Nota n. 3. Anno di riferimento da indicare coincidente con l’anno di utilizzo in compensazione come precisato nella la RM. n. 133/E del 30/4/2002 istitutiva del codice tributo 6470. Lo stesso comunicato stampa del 24/1/2012 dell’Agenzia delle entrate richiamando la citata RM ebbe a chiarire che sia per il credito riconosciuto per i consumi gasolio effettuati nel 2011 che per quello relativo ai consumi effettuati nel 2012 e compensati entro il 31/12/2012, si doveva utilizzare lostesso codice tributo indicando come anno di riferimento lo stesso anno “2012” cioè l’anno di utilizzo.

Nota n. 4.In questo specifico caso, secondo quanto afferma l’Agenzia delle Dogane, la mancata presentazione dell’istanza di rimborso relativa all’eccedenza del credito non utilizzata in compensazione entro il predetto termine comporta la perdita del credito residuo (Risoluzione delle Dogane n. 4/D del 7/12/2005).

Nota . 5. L’articolo 61, comma 2, D.L. n. 1/2012 prevede che “a partire dall’anno 2012 al credito di imposta riconosciuto con le modalità e con gli effetti di cui al decreto del Presidente della Repubblica 9 giugno 2000, n. 277 non si applica il limite previsto dall’articolo 1, comma 53 della legge 24 dicembre 2007, n. 244”. In generale, la disposizione prevista dall’articolo 1, comma 53 della Legge n.244/2007 stabilisce la soglia massima di utilizzo annuale dei crediti di imposta derivanti dal riconoscimento di agevolazione concesse alle imprese, in compensazione di Euro 250.000, da indicare nell’apposito Quadro RU della dichiarazione dei redditi (Unico).

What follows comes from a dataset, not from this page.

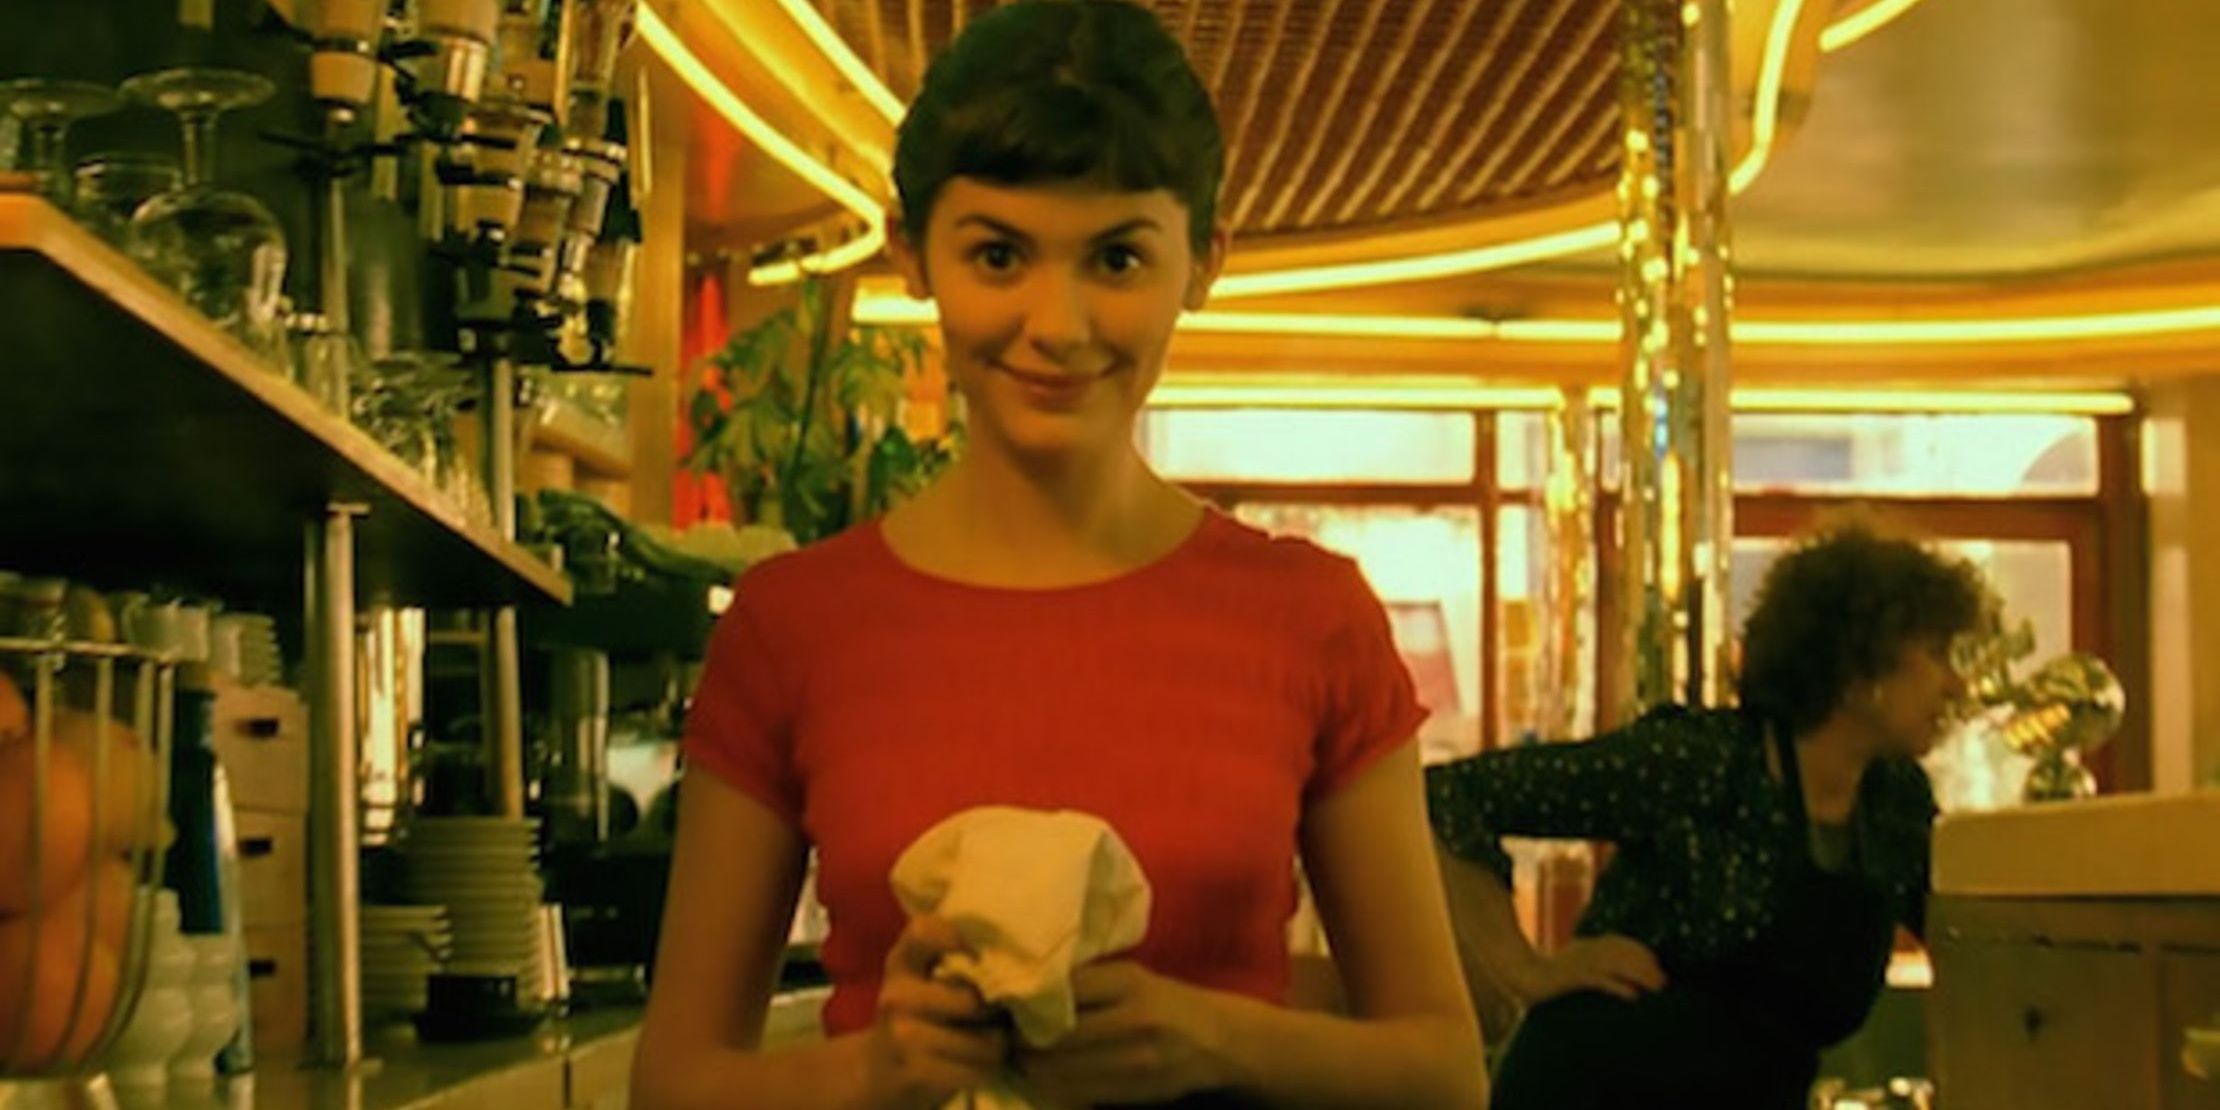 Scene from Amelie with Amlie smiling in the cafe.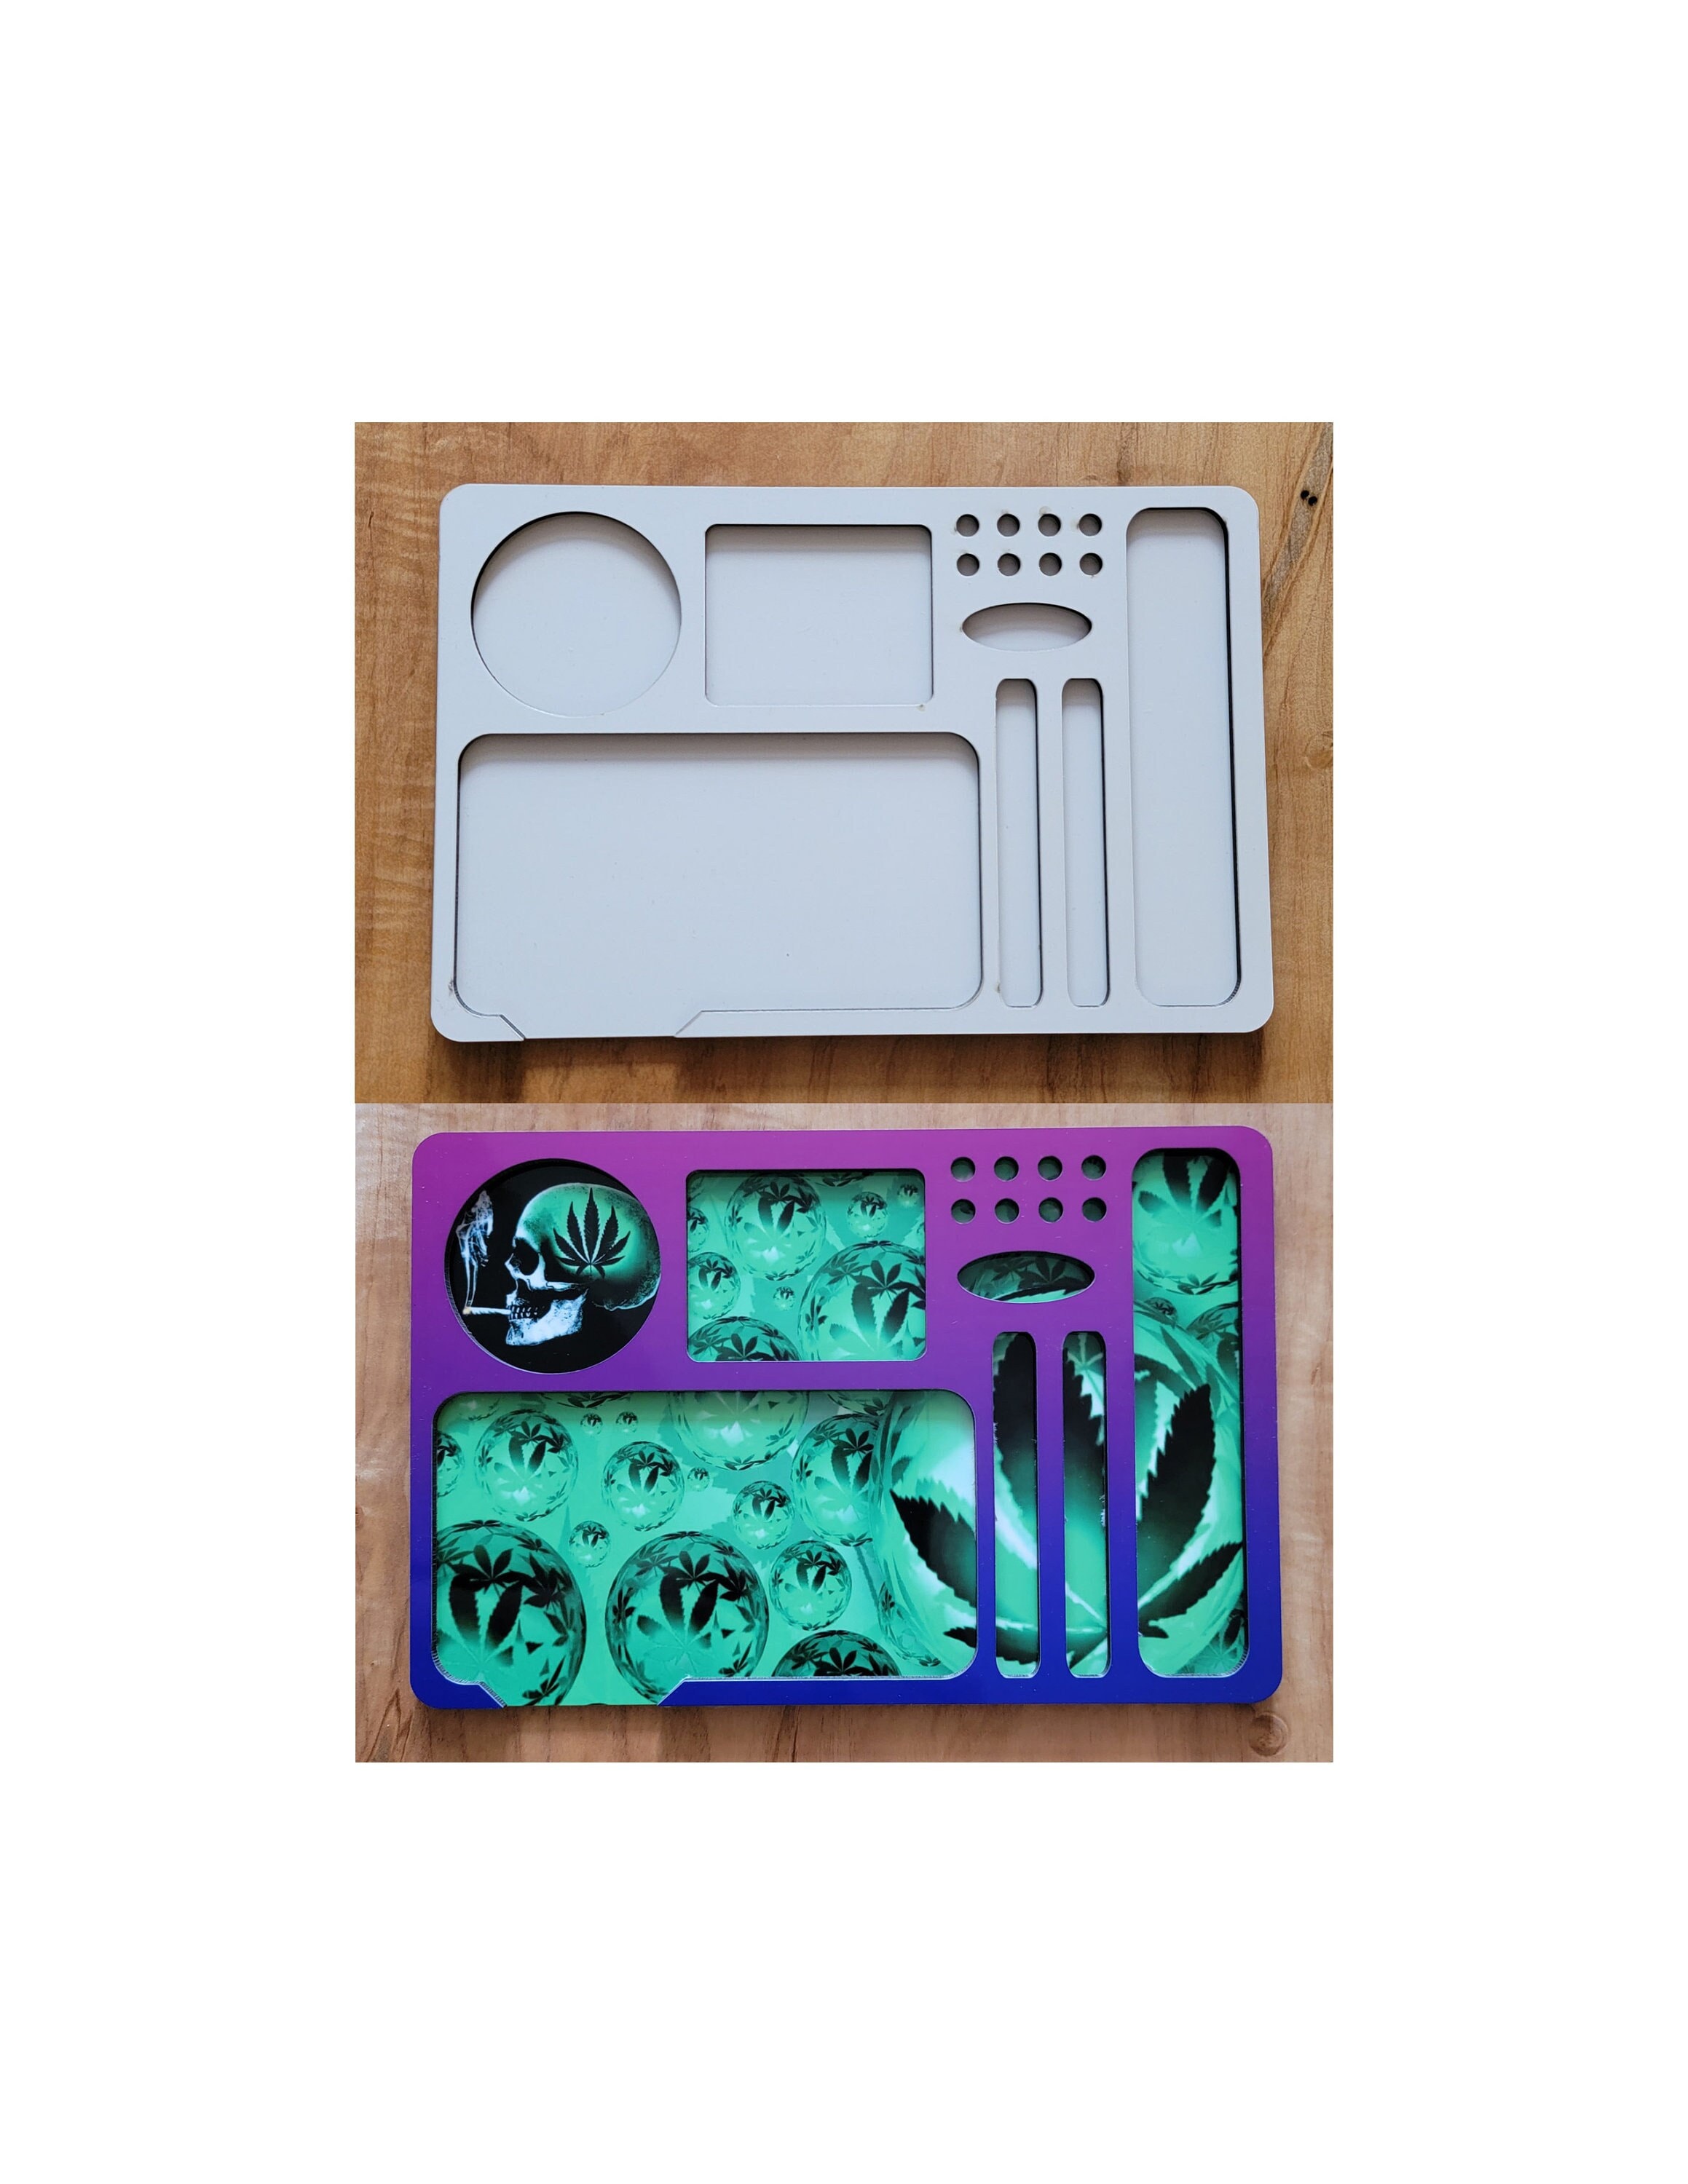 5 Piece Custom Rolling Tray Set for Tobacco or Cannabis Kush Queen

L’eventuale eccedenza può essere utilizzata in compensazione per l’intero importo, oltre il termine previsto dalle singole leggi istitutive delle agevolazioni medesime, a partire dal terzo anno successivo a quello in cui si è generata. Si sottolinea che le compensazioni effettuate per importi eccedenti il limite di 250.000 euro si considerano non avvenute con le conseguenti ripercussioni sanzionatorie derivanti dall’indebita compensazione operata.

Nota n. 6. Si ritiene opportuno precisare che:

  • l'indennità di mora è calcolata in misura pari al 6 per cento, riconducibile al 2 per cento se il pagamento avviene entro 5 giorni dalla data di scadenza;

  • gli interessi sono quantificati in misura pari al tasso stabilito per il pagamento differito di diritti doganali.

Nota n. 7. Per i soggetti che svolgono l'attività di esercenti impianti di distribuzione carburanti vige il divieto di rilasciare la fattura prevista dall’articolo 21 del D.P.R. n. 633/1972, eccezion fatta per le cessioni effettuate nei confronti dello Stato, degli enti pubblici, degli enti ospedalieri e di quelli di assistenza e beneficienza, nonché nelle altre ipotesi che sono previste dalla C.M. n. 205 del 12/08/1998. Al fine di consentire il recupero del credito d’imposta in parola, è stata introdotta la possibilità per gli esercenti di impianti di distribuzione di emettere la fattura, ai sensi del Decreto direttoriale 24/6/1999, solo nei confronti di autotrasportatori di cose in conto terzi iscritti all’albo di alla Legge n. 298/1974. Successivamente, il D.P.R. n. 277/2000 ha esteso tale obbligo anche per le fatture emesse nei confronti degli autotrasportatori in conto proprio muniti di licenza di cui all’articolo 32 della Legge n. 298/1974.

Nota n. 8. Per chiarire l'importanza della corretta imputazione temporale dei consumi ed il significato del termine “consumo” per la quantificazione del beneficio spettante all'avente diritto basti considerare il fatto che, ad esempio, per l’istanza relativa al III trimestre 2012, il credito di imposta spettante per il gasolio fornito il 6/8/2012 risultava essere pari ad euro 0,20998609 per litro di prodotto, e non, invece, la maggiore misura in vigore a partire dall’11/8/2012.